EDMONTON – There's no denying the public sector took a hit in the 2013 Alberta Budget.
In fact, Gil McGowan, the President of the Alberta Federation of Labour claims Thursday's budget introduces the deepest cuts across the public sector that the province has seen since what he calls "the worst days of the Klein era."
As the province aims to deal with a roughly $2 billion deficit, it has flatlined spending. The budget's hard line applies to teachers, nurses, health sciences workers and civil servants. Many are in bargaining or about to start this spring. The budget also revealed about 80 civil service positions will be lost with more job cuts likely as the Redford government continues to reorganize departments.

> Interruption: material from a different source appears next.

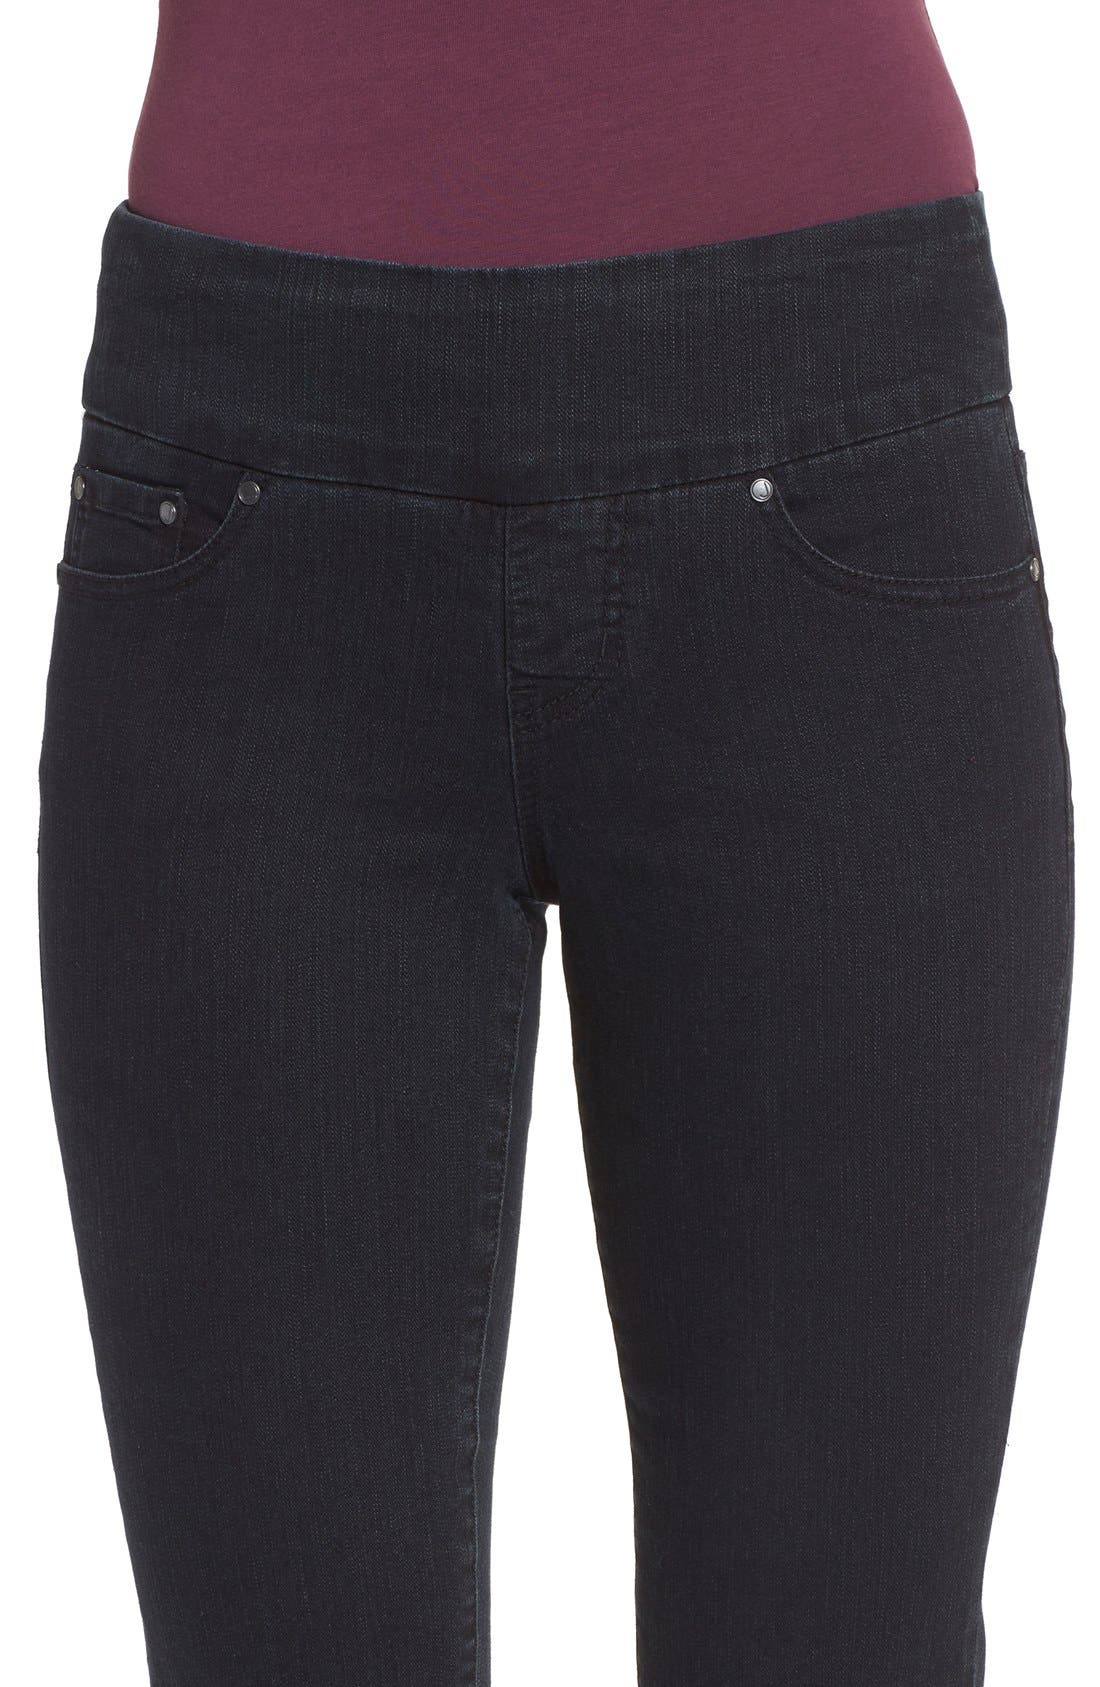 Alternate Image 4  - Jag Jeans 'Peri' Straight Leg Pull-On Jeans (Black Void) (Regular & Petite) (Online Only)

So what does this all mean for the every day Albertan?
"It will hurt," McGowan says. "It will mean larger class sizes, it will mean less frontline service, and it's going to be very difficult for us to staff all these schools and hospitals that the government promises to build."
He believes that as the wealthiest province in Canada, if anyone should be able to pay for public service to move their economy forward, it's Alberta.
McGowan also thinks that the province's current fiscal problems date back to the time of Premier Ralph Klein.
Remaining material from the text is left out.